Cache Workflow
When a cache get request is initiated, if the requested data is present in the cache, it is swiftly returned, enhancing response times significantly. If data is not present in the cache, a function call will be made to get the data from the server. Let's look at how it is efficiently managed using inflight requests and careful orchestration of data flow.
Managing Inflight Requests
The inflight requests dictionary serves as a tracking mechanism. When a cache miss happens, this dictionary is consulted. If another worker is already fetching the requested data, the new request is not immediately routed to the server. Instead, the requesting worker is placed in a waiting state, anticipating the data to arrive shortly.
In this setup, a clever utilization of Rust synchronization primitives comes into play. Here, once data is available the fetching worker communicates it back to all waiting workers simultaneously.
Efficient Orchestration
Once an entry is made in the inflight requests dictionary, the fetching process begins. The first worker initiates a call to the server, aiming to retrieve the requested data. Simultaneously, any other workers waiting for the same data are blocked, waiting for the first worker to make the information available.

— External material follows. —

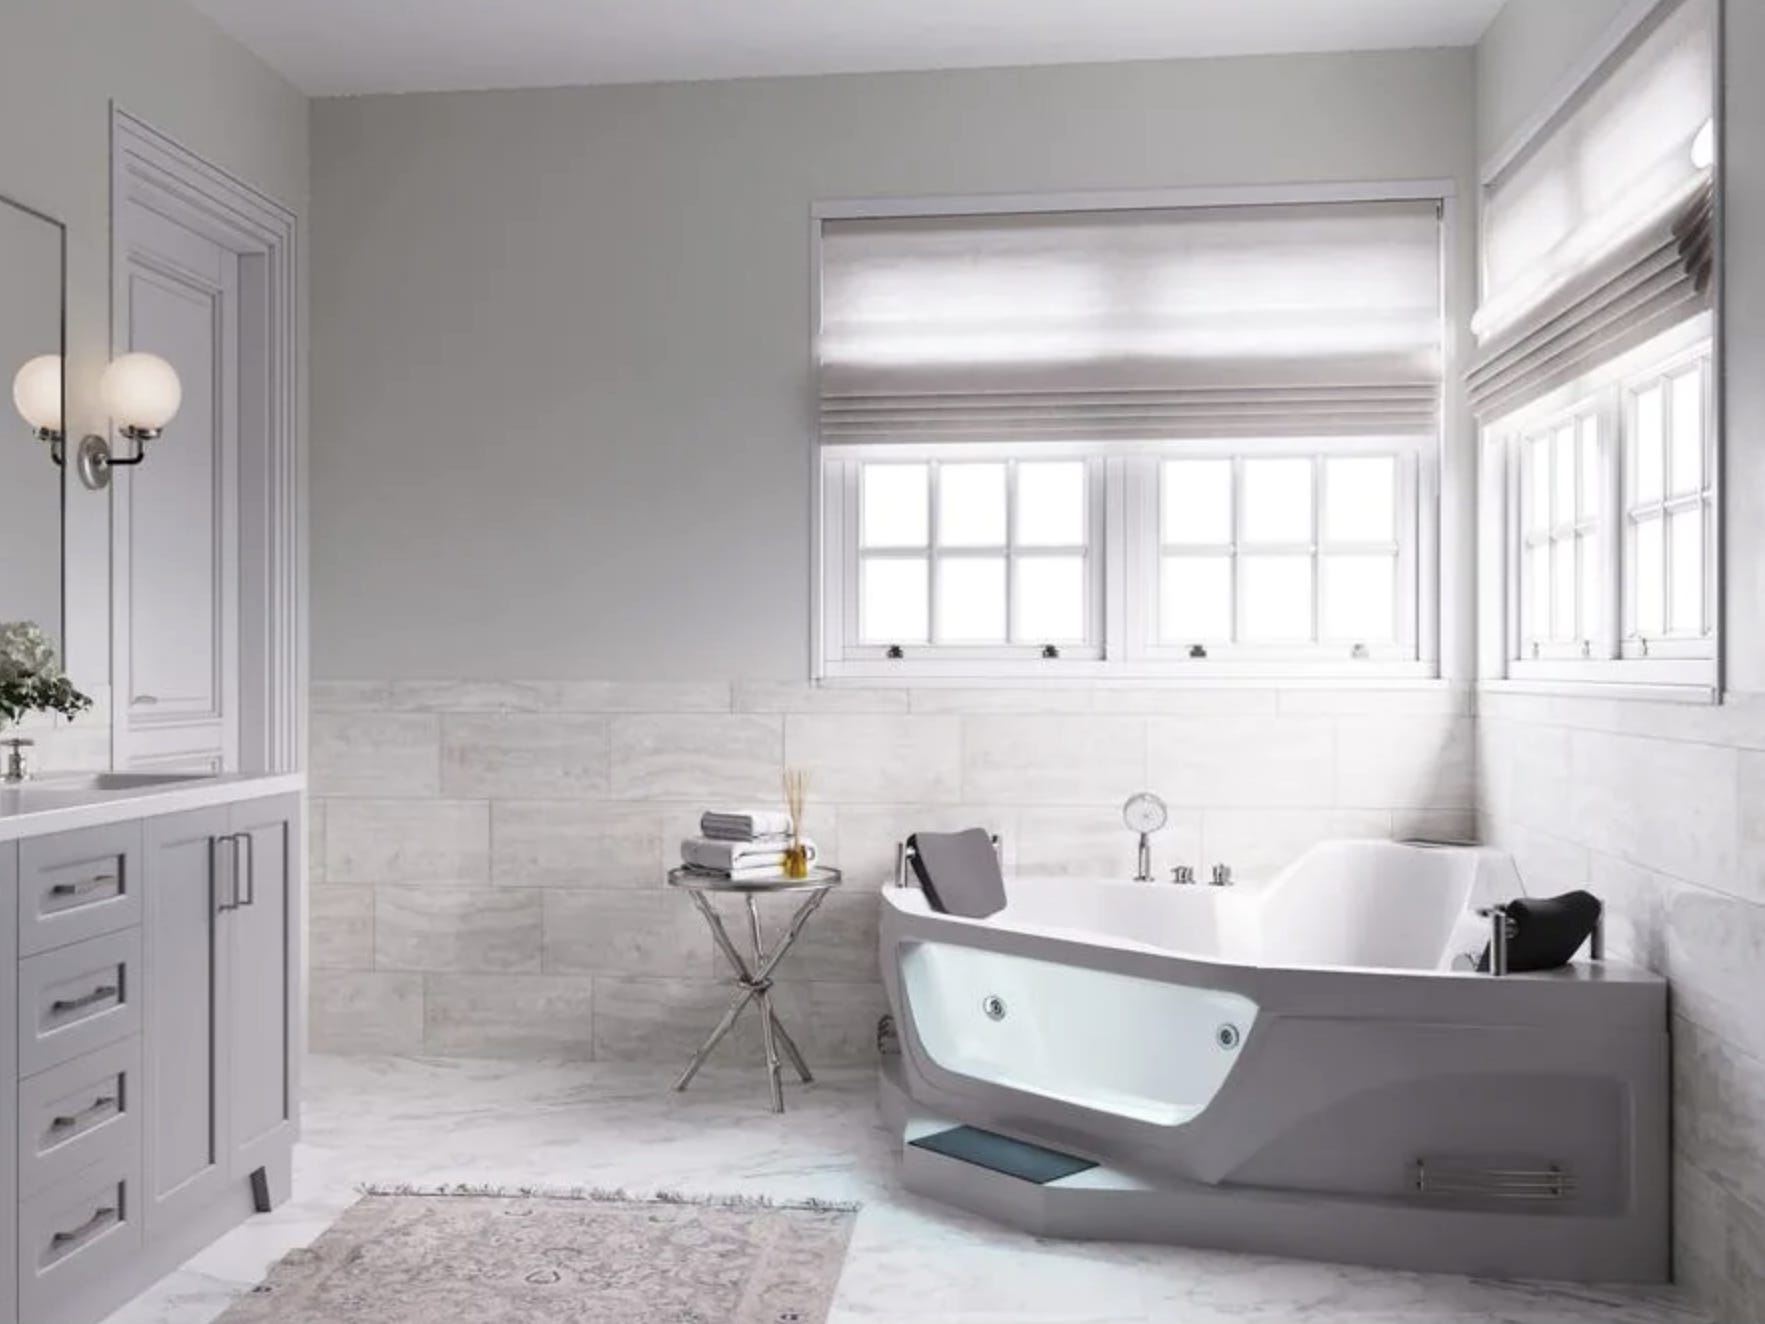 Die Ariel Eck-Whirlpool-Badewanne mit rechtem Abfluss, eine der besten Eckbadewannen im Jahr 2023, in einem weiß gefliesten Badezimmer mit Fenstern darüber.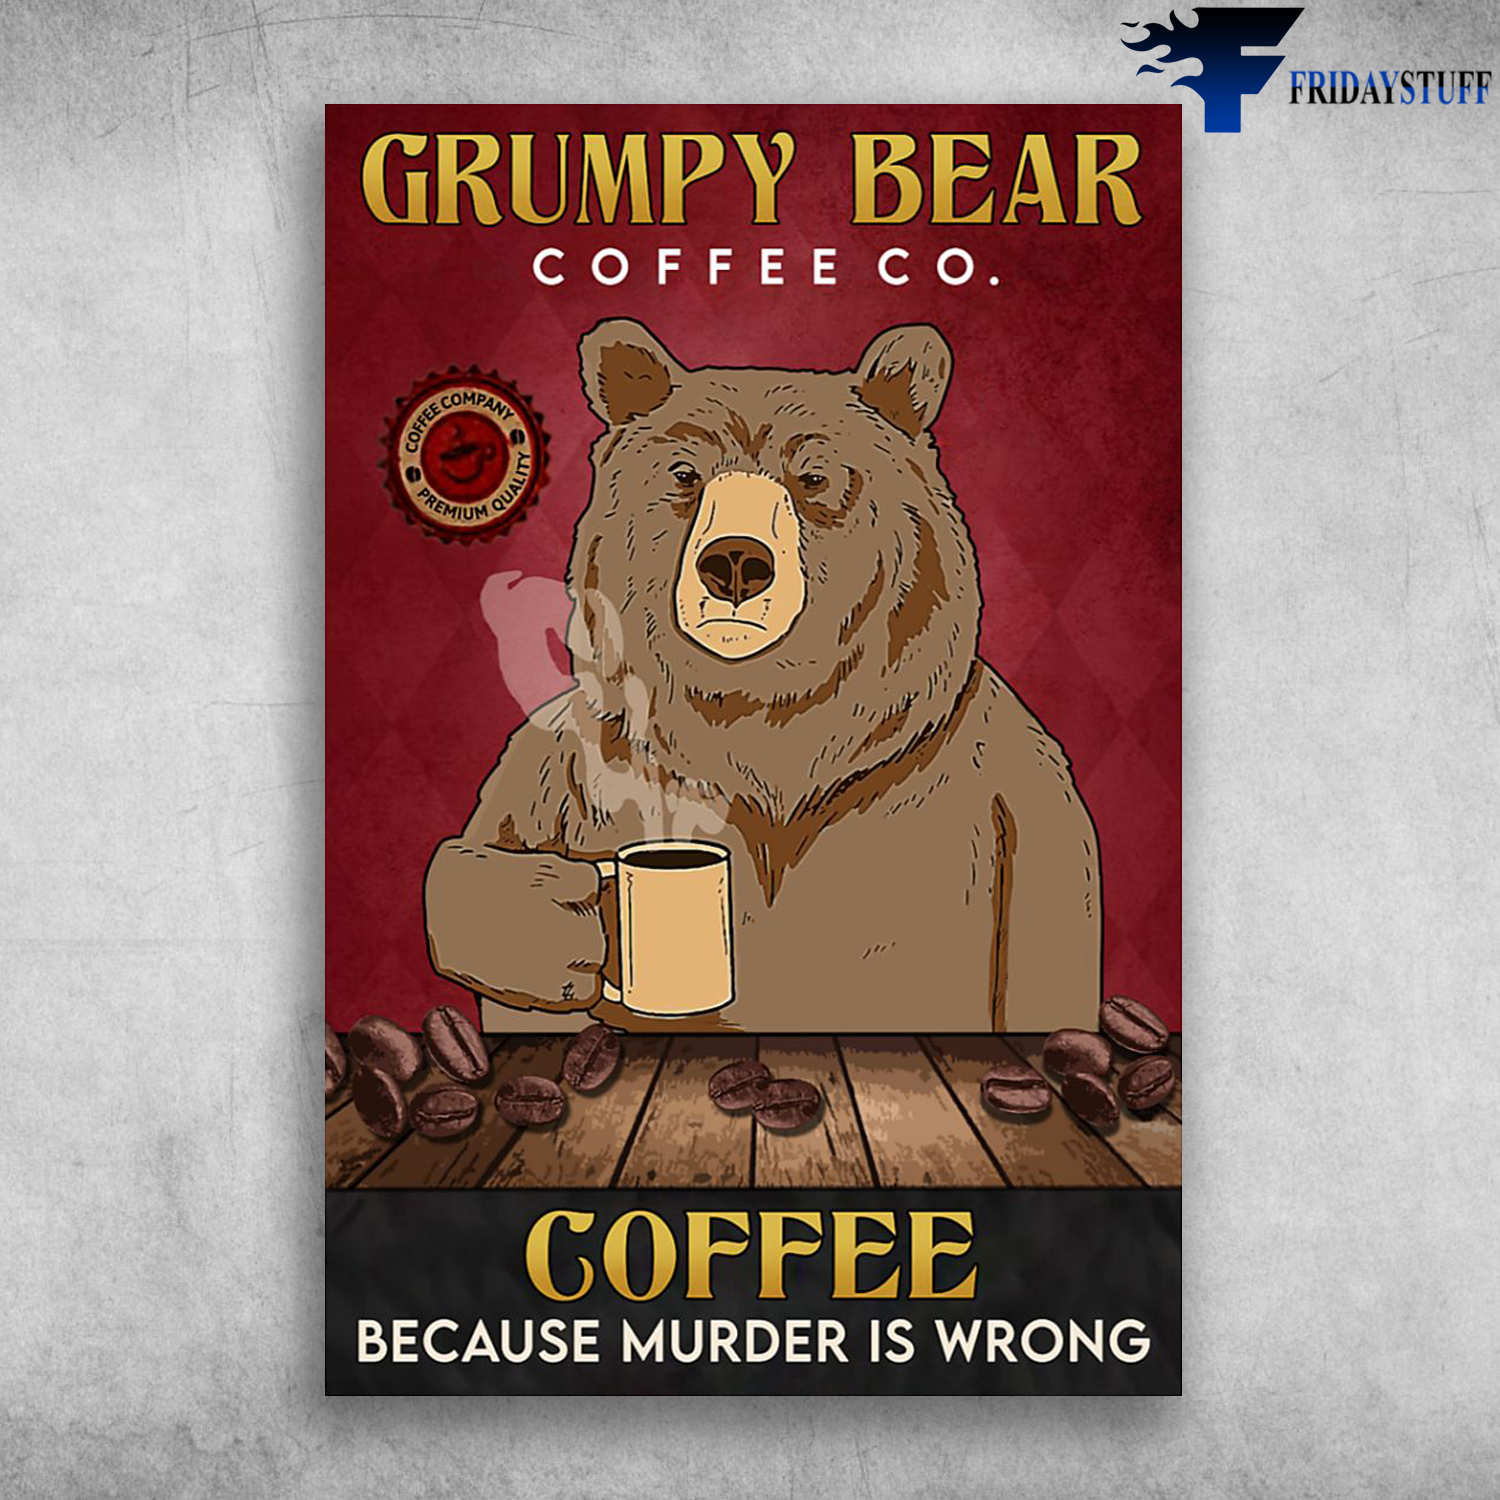 Grumpy Bear Love Coffee - Grumpy Bear, Coffee Co., Coffee, Because Murder Is Wrong

Upon successful retrieval of data by the first worker, it will
Populate the cache, ensuring that subsequent requests for the same data can be handled from the cache.
Remove the entry from the inflight requests dictionary and send the data so all waiting workers will receive it.
Send data to the main request.
Handling Failures
In the event of a failure during the data-fetching process, a well-designed fail-safe mechanism comes into action. If the function call to the server encounters an error, all waiting workers are promptly notified with the error information. This ensures that errors are handled gracefully.